How to Distinguish Between a "Real" and "Scripting" Language
Anyone who has gone through a computational theory course will realise the headline is a trick question -- there isn't any. Yes, that's right -- contrary to what EJR is saying "PHP is the most widespread language for web apps but it is more a scripting language". While not Turing complete out of the box, PHP can be tweaked into being Turing-complete -- just replace the 30s timeout, with an infinite one. This is a more theoretical argument, but an important one. Anything that can be written in C#, VB.Net, or whatever can be written in PHP. However, I'm pretty sure that ASP is a fitting competitor to PHP in the webapp arena. Is Microsoft conceding that ASP is a dead horse and finally getting behind the LAMP stack, but replacing Linux with Windows?
Do Mobile OS's Matter
Russ asks whether the mobile OS really matters and concludes that no, it does not. I don't know why Google seems to be getting away from its roots. Let me explain.
Since the beginning, Google has always been platform-agnostic. Sure, it may be Linux on the backend, but that was invisible to the user. Indeed, to the client, it was essentially blind. It took HTTP requests in, and returned HTTP Responses. Even when they added APIs, they were always built on top of HTTP requests and responses. Google Maps was similarly built on HTTP. So is Gmail, Adsense. Even Google Earth is a glorified HTTP client (except it transfers SVG and looks like a desktop application). So, when I first heard about Android, I figured it was a platform-independant data interchange system, because control of a network derives not from controlling the endpoints, it derives from controlling the communications medium (this is what Microsoft and Apple don't realise and what Google did, but doesn't seem to anymore). In other words, I thought that it would be a peer-to-peer version of funambol. Apparently, I was wrong. But that's what I'd do if I were developing it. Whereas power on a network derives from the endpoints, control comes from the transport medium. Starting out as devoted to controlling the transport medium (and having succeeded at that, on the desktop anyway), Google is duplicating it on the mobile, in hyperdrive. The problem is that it's a serialised process and is very hard to do in parallel. Time will tell if Google can pull it off. But, for now, I'm sticking with Symbian, whether owned by Nokia or not.

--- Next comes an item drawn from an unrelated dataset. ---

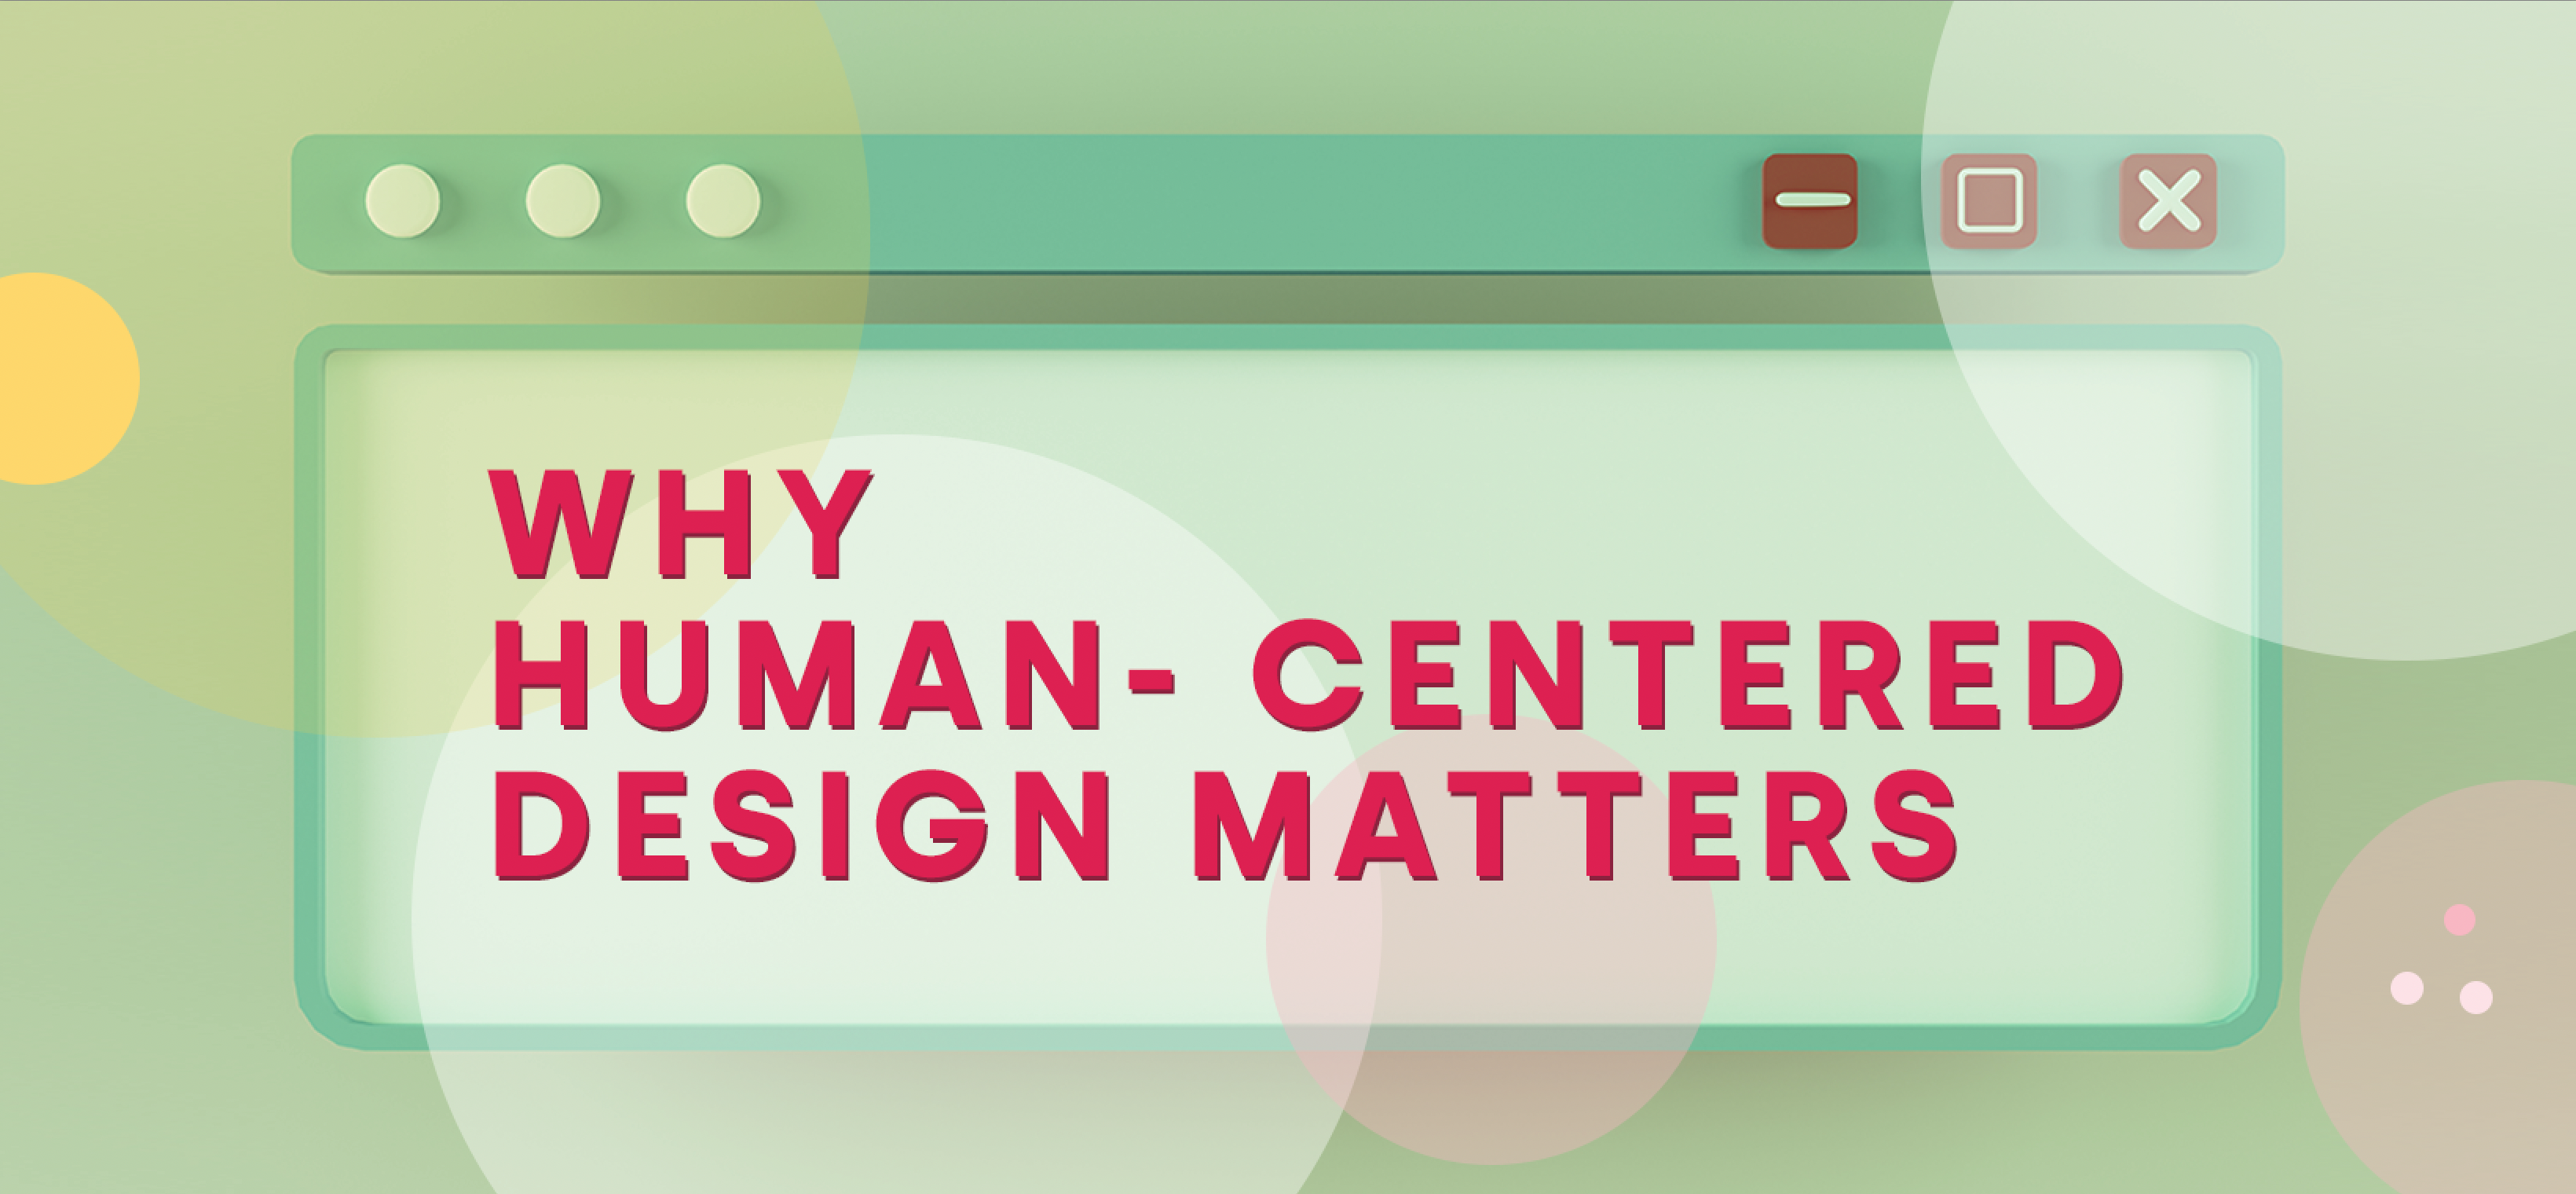 Why human-centered design matters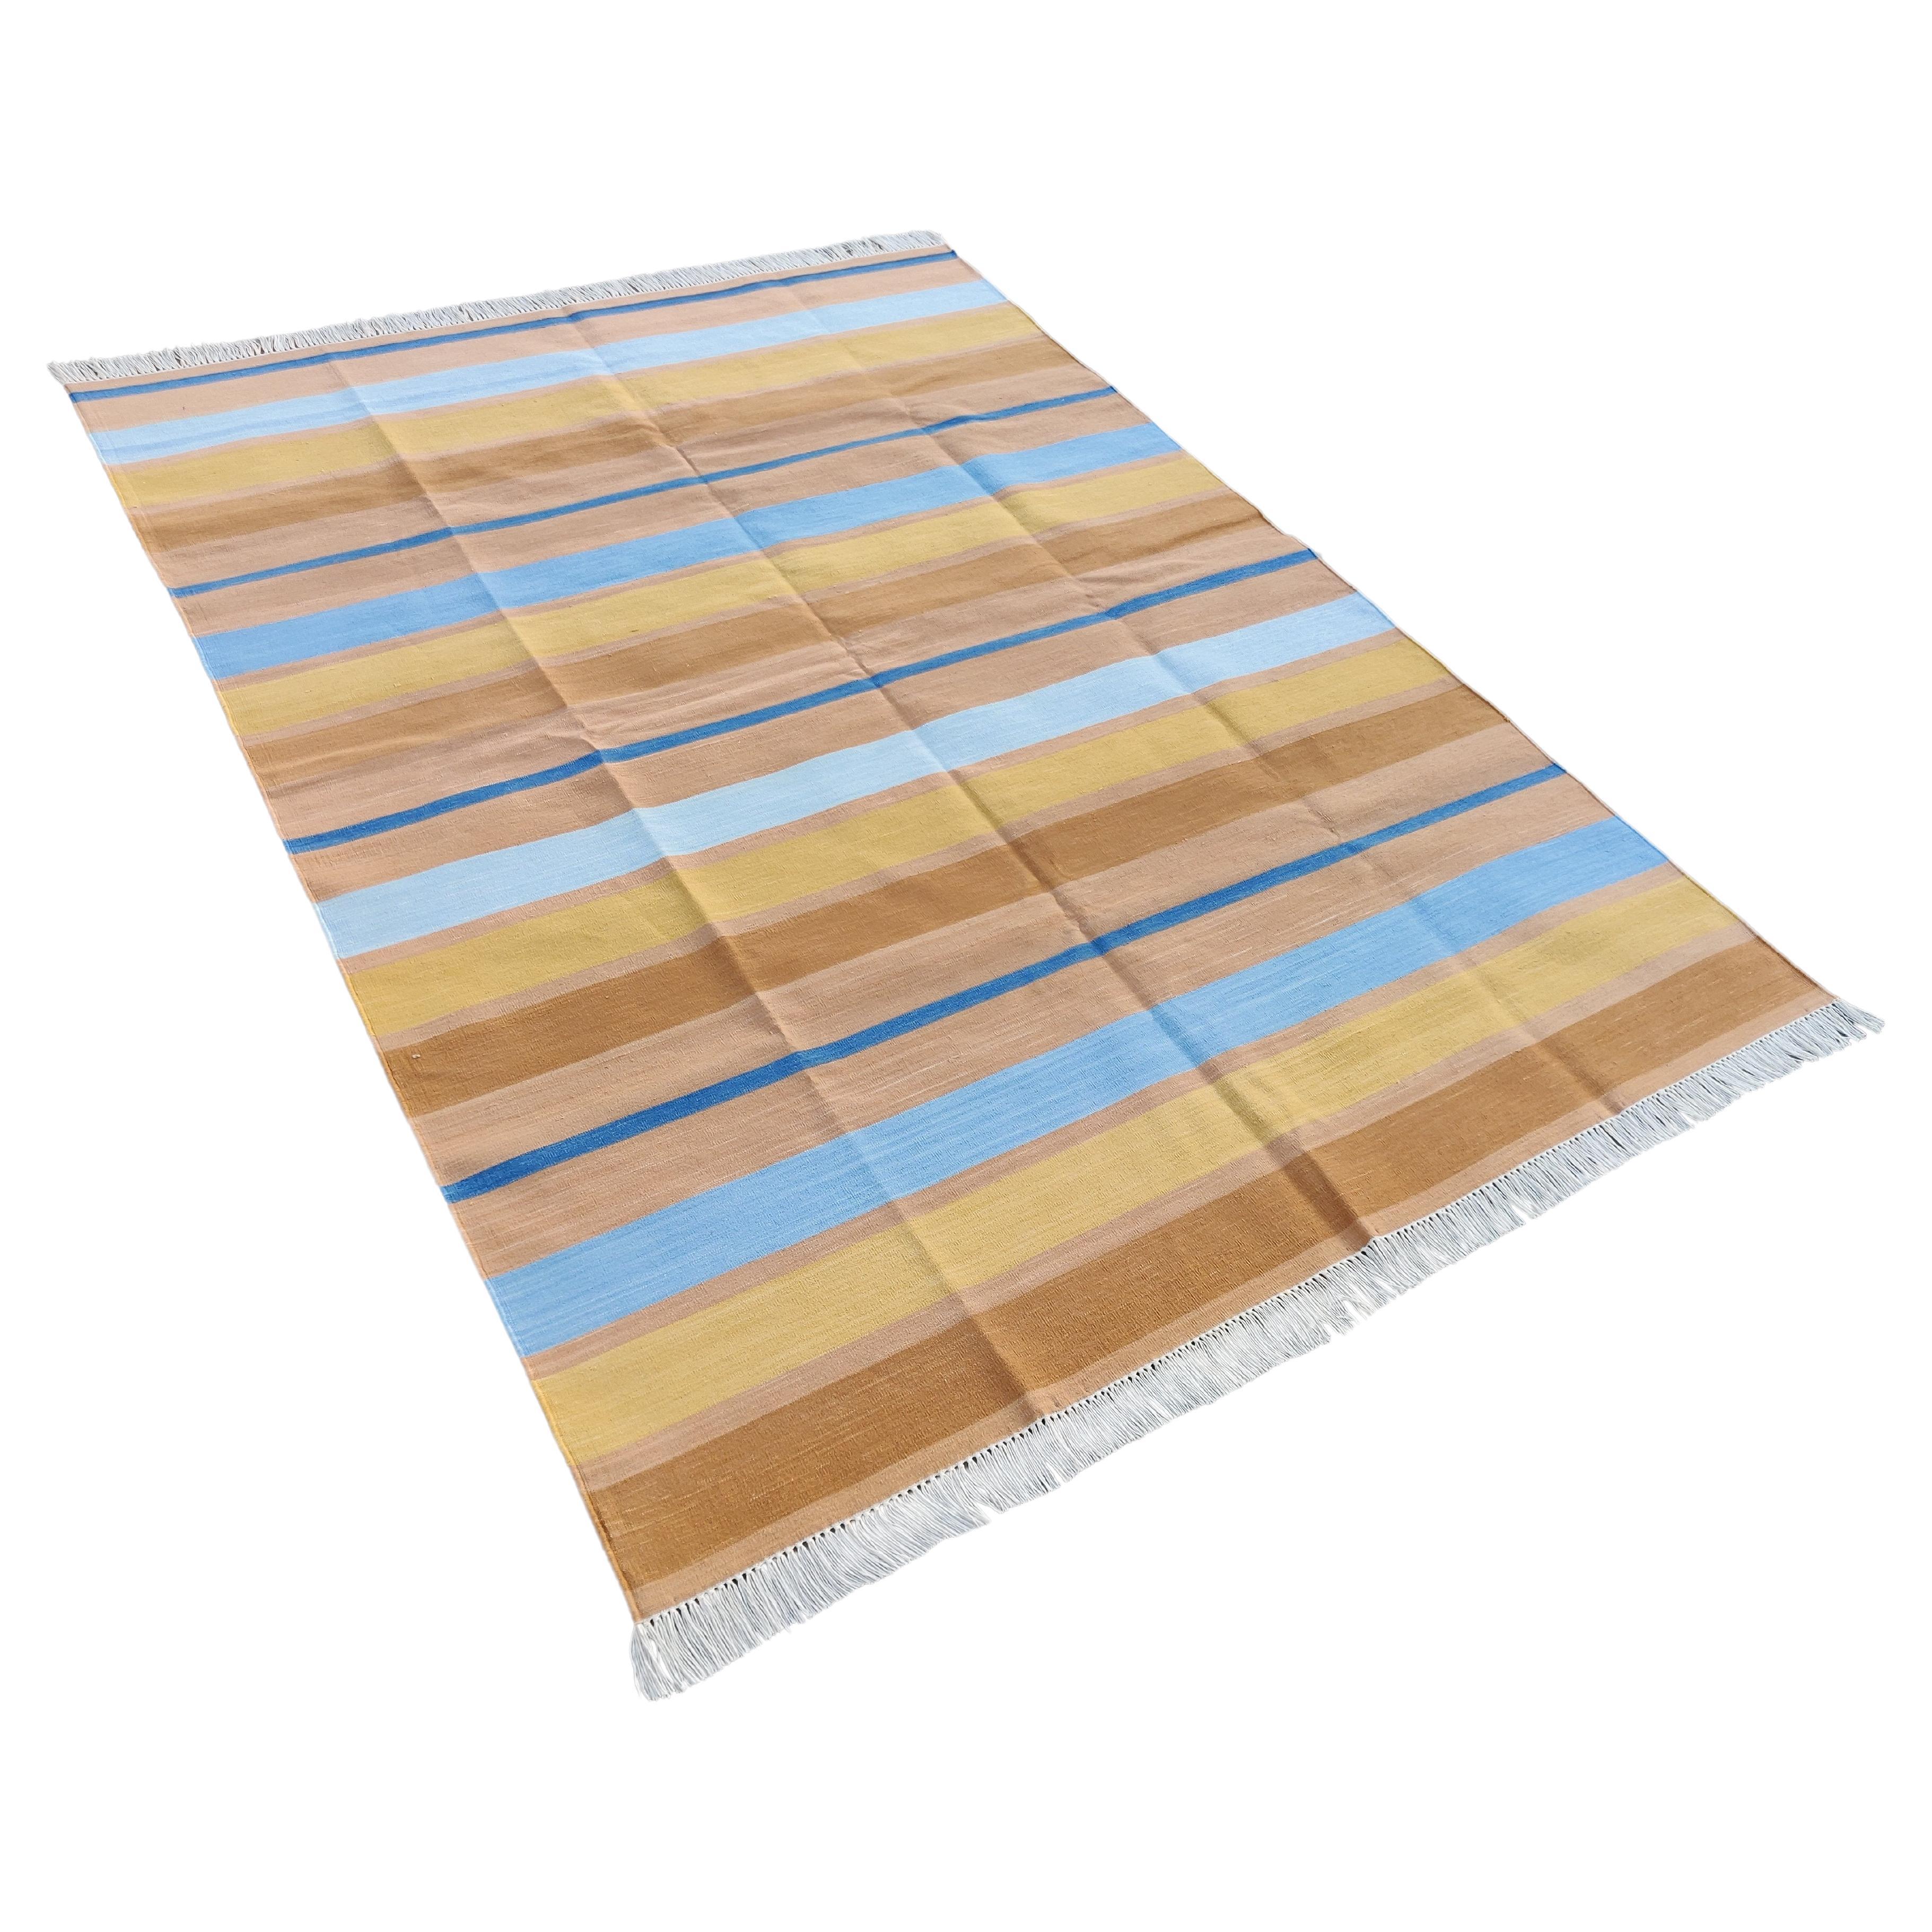 Handmade Cotton Area Flat Weave Rug, 5x7 Tan And Blue Striped Indian Dhurrie Rug

Google Reader Violates User Privacy?
Dare Obasanjo writes a couple of screenfuls on how Google Reader violates privacy, within which we find this gem of understanding: the fact that there was URL obfuscation involved implies that they realized that users didn't want their Shared Items to be PUBLIC. For someone who worked on the Access Control technology behind Windows Live sharing initiatives from SkyDrive to Windows Live Spaces, this is an immensely daft statement. Larry Wall once wrote that one of the hallmarks of a decent computer programmer is laziness. My own explanation for this is that the obfuscated URIs were the default, and Google didn't bother to change them.
Gates on Productivity Software
Bill Gates pens an article on productivity software for the BBC. Hey Bill, software reaches its zenith of productivity if it has data interchange and interoperability!
Mario Monte Doesn't Give up
The mild-mannered economist-turned-Brussels'-antittrust-hawk, Mario Monte, is continuing his crusade against unregulated monopolies. Most recently, he's continuing his charade against Microsoft, this time taking evidence from Opera regarding Internet Explorer. Go on, Mario. Show them that Europe is not to be messed with.
Why CNBC.com was Lost Anyway
Andy Beale carries the story that CNBC changed its online advert provider from Google to Microsoft. This isn't exactly Earth-shattering news, as Beale seems to suggest.
Again, a follow-the-money analysis leads this to be inevitable. CNBC is the sister network of MSNBC, which is part owned by Microsoft, a company known for forcing its employees to eat their own dog food. So, where did you think they were going to go, Mr Beale?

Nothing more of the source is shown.